Assigned task: A word-for-word copy of the listing is what's needed; leave out every image.

*** Exercise data Section Begins ***

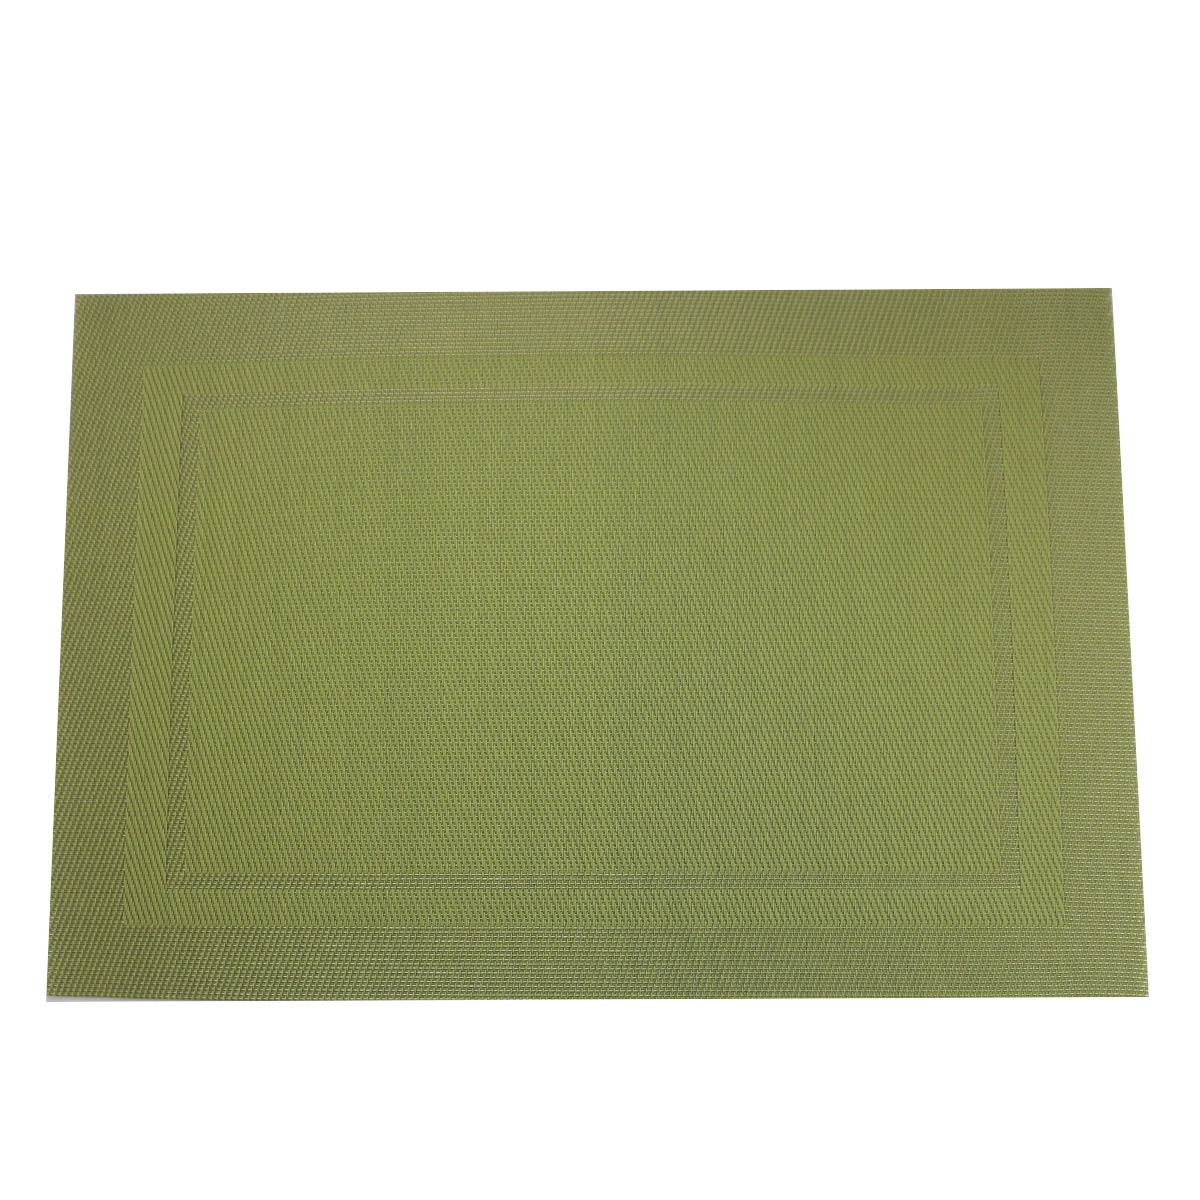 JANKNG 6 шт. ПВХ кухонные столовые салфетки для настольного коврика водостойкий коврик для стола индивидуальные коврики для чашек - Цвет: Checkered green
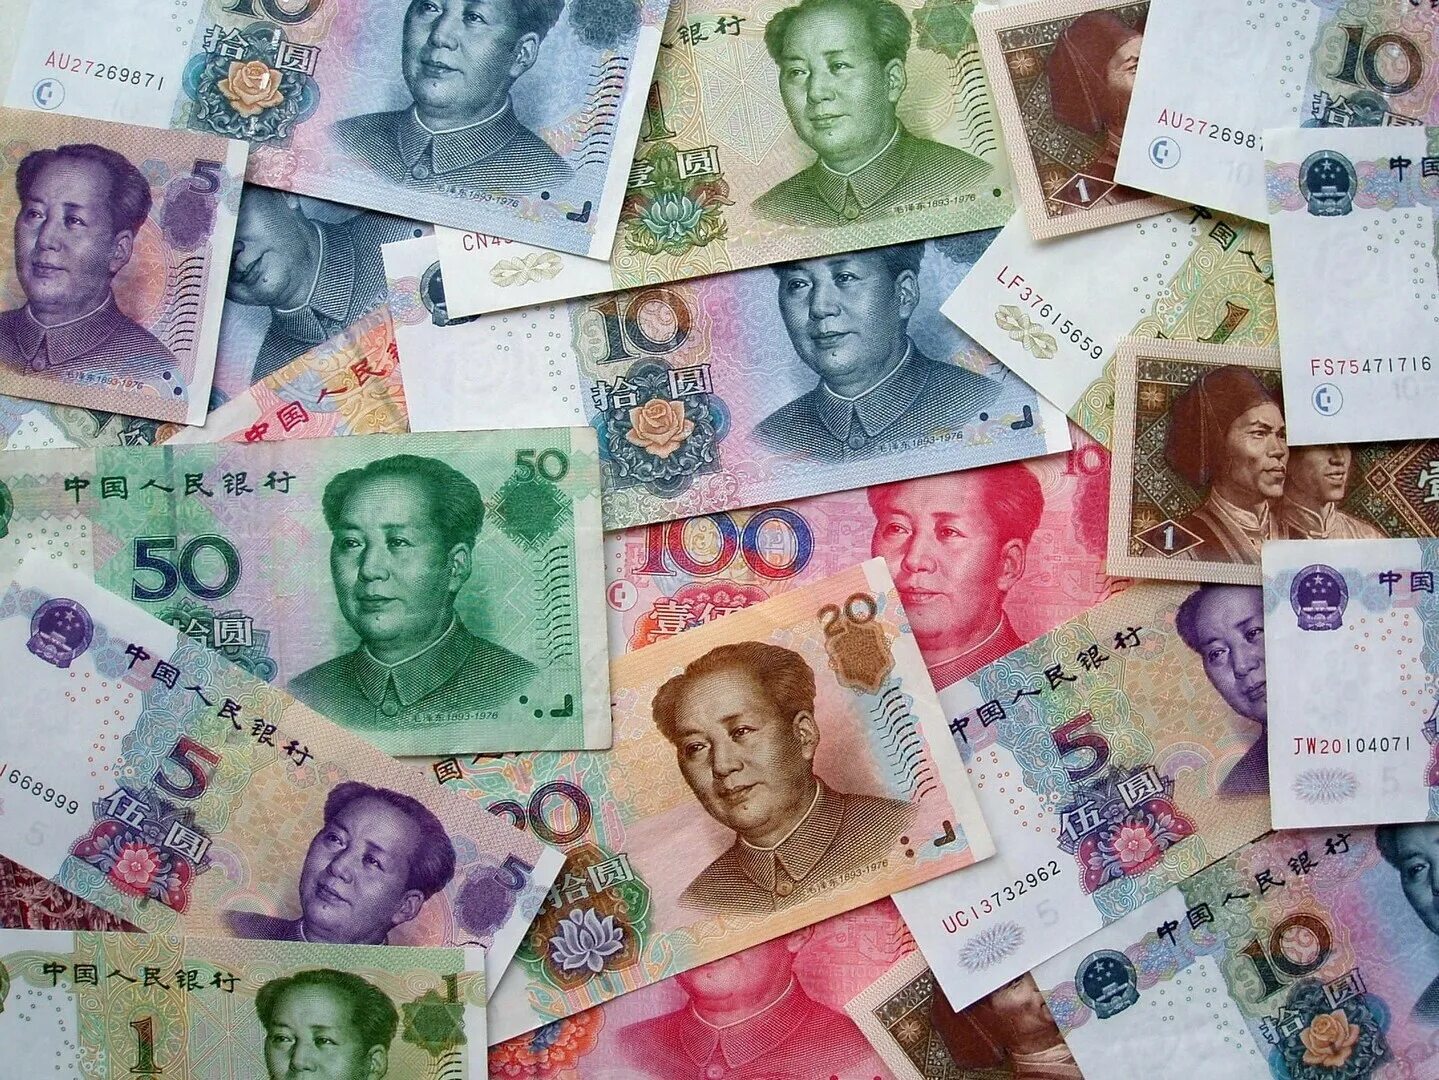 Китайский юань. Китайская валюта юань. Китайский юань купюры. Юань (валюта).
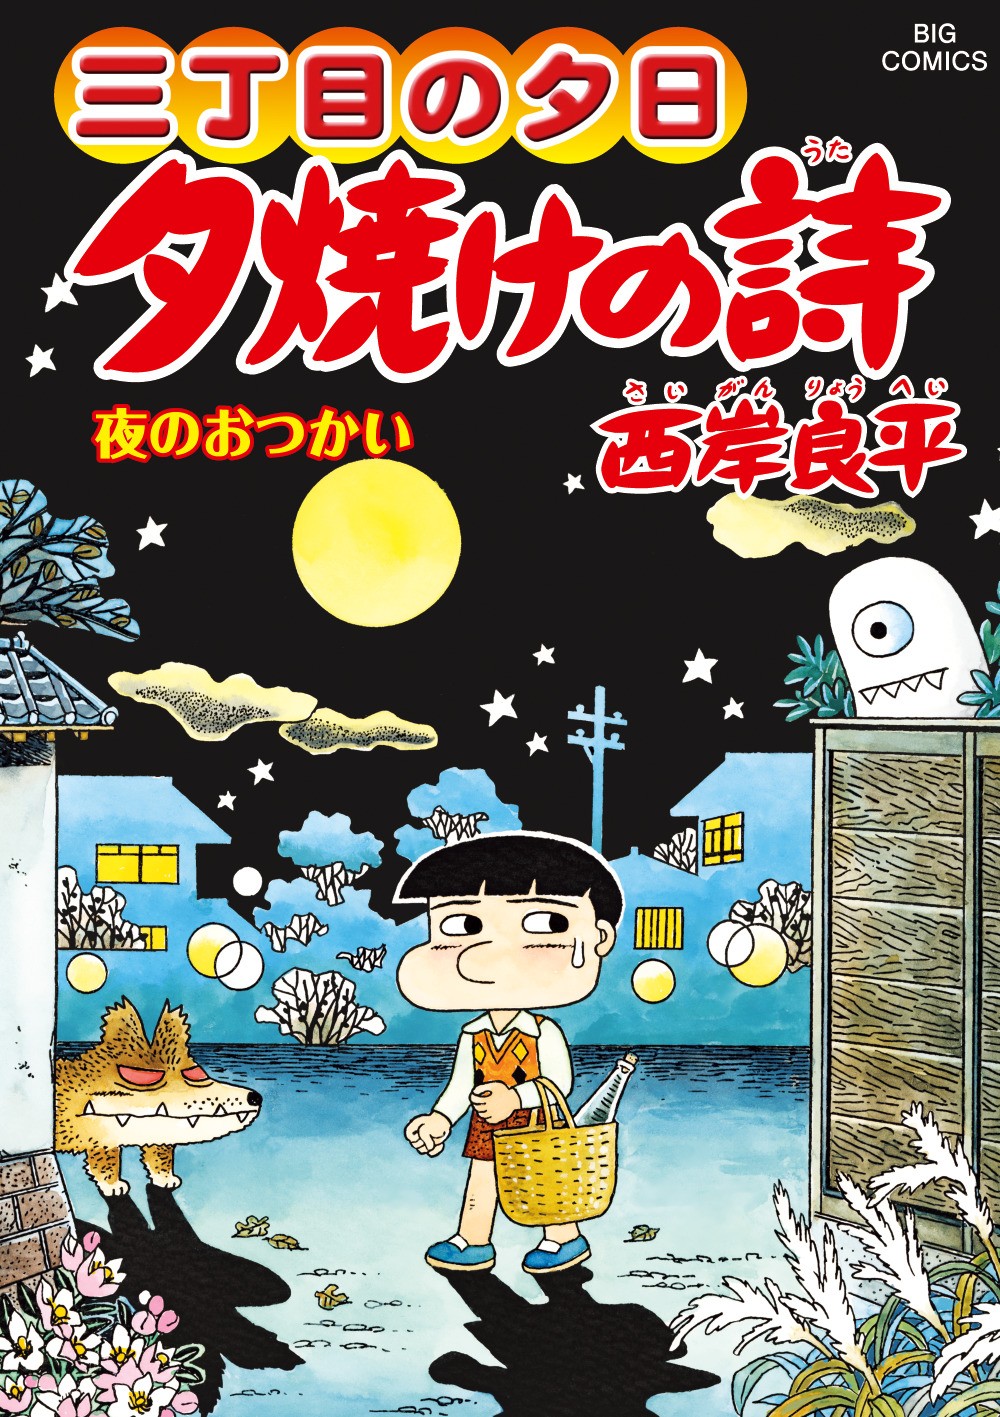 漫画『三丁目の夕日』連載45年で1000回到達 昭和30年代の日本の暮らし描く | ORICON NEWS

*** Exercise data Section Ends ***

Result of the task:
 JANKNG 6 шт. ПВХ кухонные столовые салфетки для настольного коврика водостойкий коврик для стола индивидуальные коврики для чашек - Цвет: Checkered green
 Китайский юань. Китайская валюта юань. Китайский юань купюры. Юань (валюта).
 漫画『三丁目の夕日』連載45年で1000回到達 昭和30年代の日本の暮らし描く | ORICON NEWS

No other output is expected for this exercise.